Walk west, I say, towards the ocean.
It’s only a mile, maybe two,
hoping that’s the end of it.
Can you repeat that? he asks.
Finally I retrieve my hands
from deep fleece pockets
and point. There, go down the hill.
Keep walking. See those woods?
That’s west. He thanks me, turns
away. While the rest of us keep
following designated trails in our
branded athletic shoes, measuring
what remains of an afternoon, light
pokes accusatory fingers into every
crevice: someone’s son walks west,
gaining on the Golden Gate Bridge
where so many beautiful boys fly.
I may have drawn this one a map.
dominion protection™
The name had an air of the Raj about it,
but the system was what my mother called
the contact points on every door and window.
Disarming meant dialing from the kitchen phone,
giving the receptionist a spoken code, part name, part
digits (simply, our phone number: WEllington three
four six oh oh). They must have hated accounts like ours,
with pot-fuelled, latchkey teens whose sole incoming
focus was the refrigerator, who were usually found
combing the Frost Free shelves, startled, mouths
full of frozen cake by the time police arrived.
And it’s curious to think, as apparently no one did
circa 1969, that the person speaking numbers into
the black receiver might have had a knife to the throat.
But this was the Dominion of Canada, self-governing
nation of the Commonwealth, when dusk was dusk,
not the twilight of empire, and a call duly
disconnected the circuits until everyone was home
for the night, to be reset by the last to bed.

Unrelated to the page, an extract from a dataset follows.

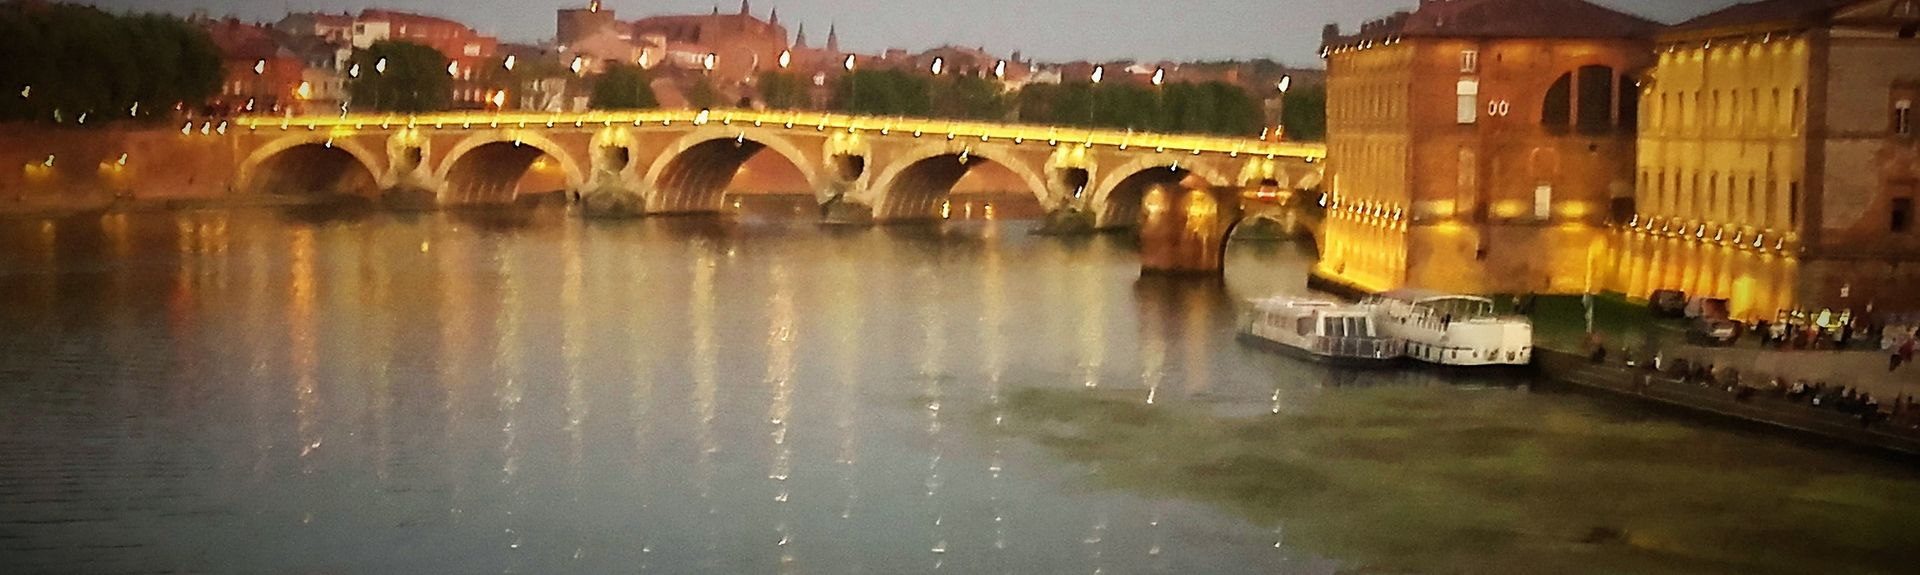 Toulouse, Occitanie, France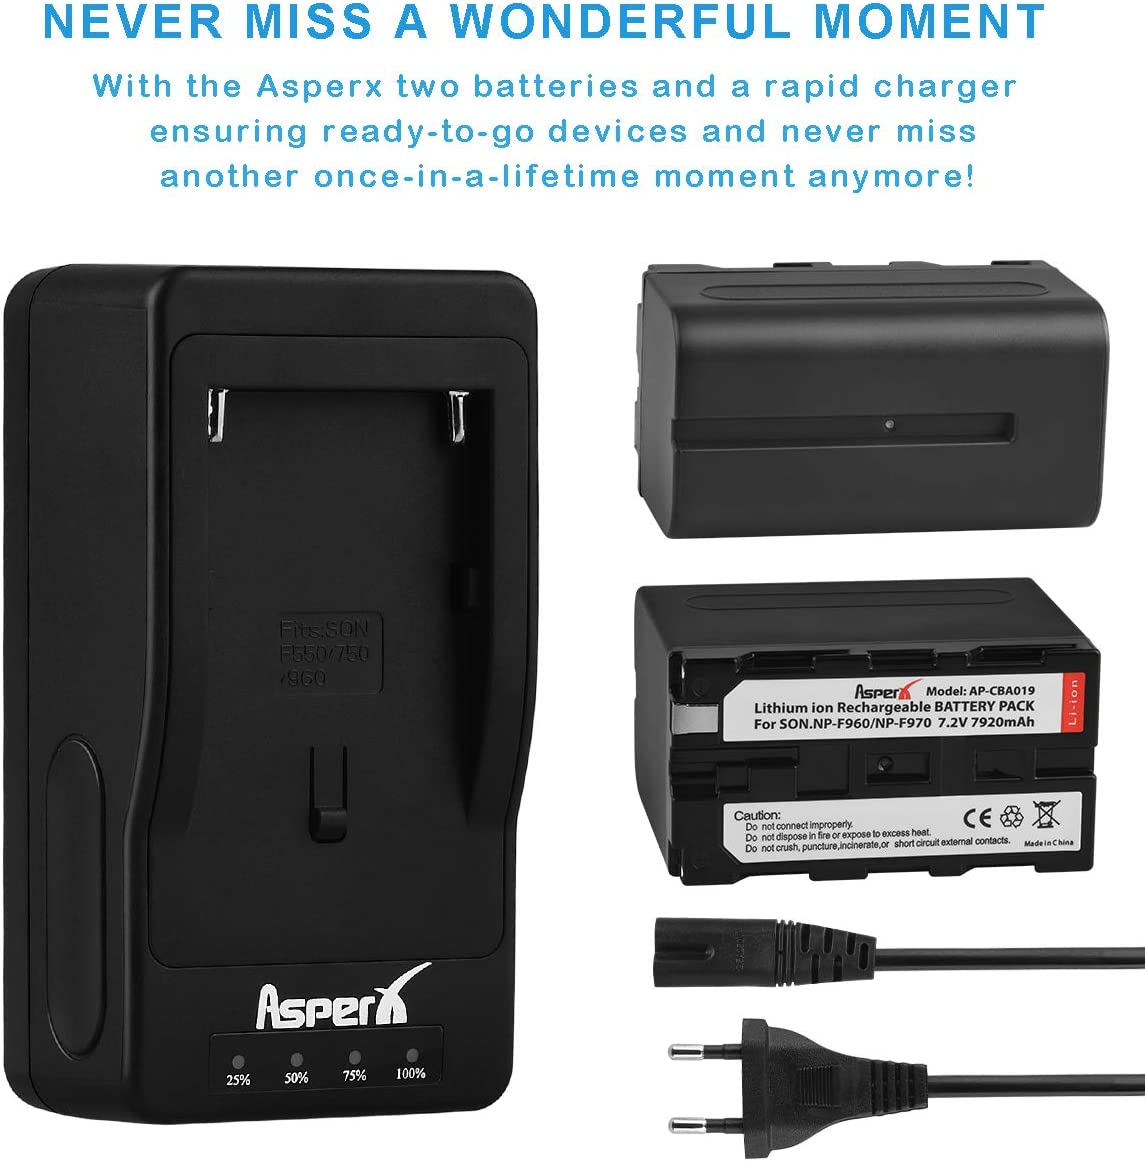 2 Pack Replacement Battery and Fast Charger for Sony DCR-VX2100 HDR-AX2000 FX1 FX7 FX1000 HVR-HD1000U V1U Z1P Z1U Z7U HXR-MC2000U FS100U FS700U and LED Video Light Asperx NP-F960//NP-F970

Then wind would start to roil the tallest
maples swamping the house, leaves brushing
even the third-floor panes before sighing
into place at dawn. And when daylight broke
and poured across the wide lawns, the Italian
gardeners were already there, eating bagged
breakfasts on the tailgates of their trucks, while
up and down the street, systems were silenced,
and men with their briefcases set forth.
by ninety-eight
I’d never seen him lie in the grass.
There was wrought iron furniture
with yellow sailcloth cushions to
put out every summer morning,
pack in before the evening dew.
He had successfully avoided grass,
despite the years of summer hours
devoted to lawn maintenance.
He always left the root of each weed:
they grew back fast as he pulled them.
He threw his cuttings in the firepit
where he also tossed plastics, glass,
aerosol cans, half-empty tins
of paint thinner and turpentine,
causing only small explosions.
For ninety-eight years, my father
was above grass. He owned things:
acres, hectares, complications.
He never wanted to be grass,
or simplified.
his certainty
In his ninth decade, my father left my mother for a more congenial
situation—an only slightly younger woman, who happened
to be a friend to them both. Everyone was supposed to be happy.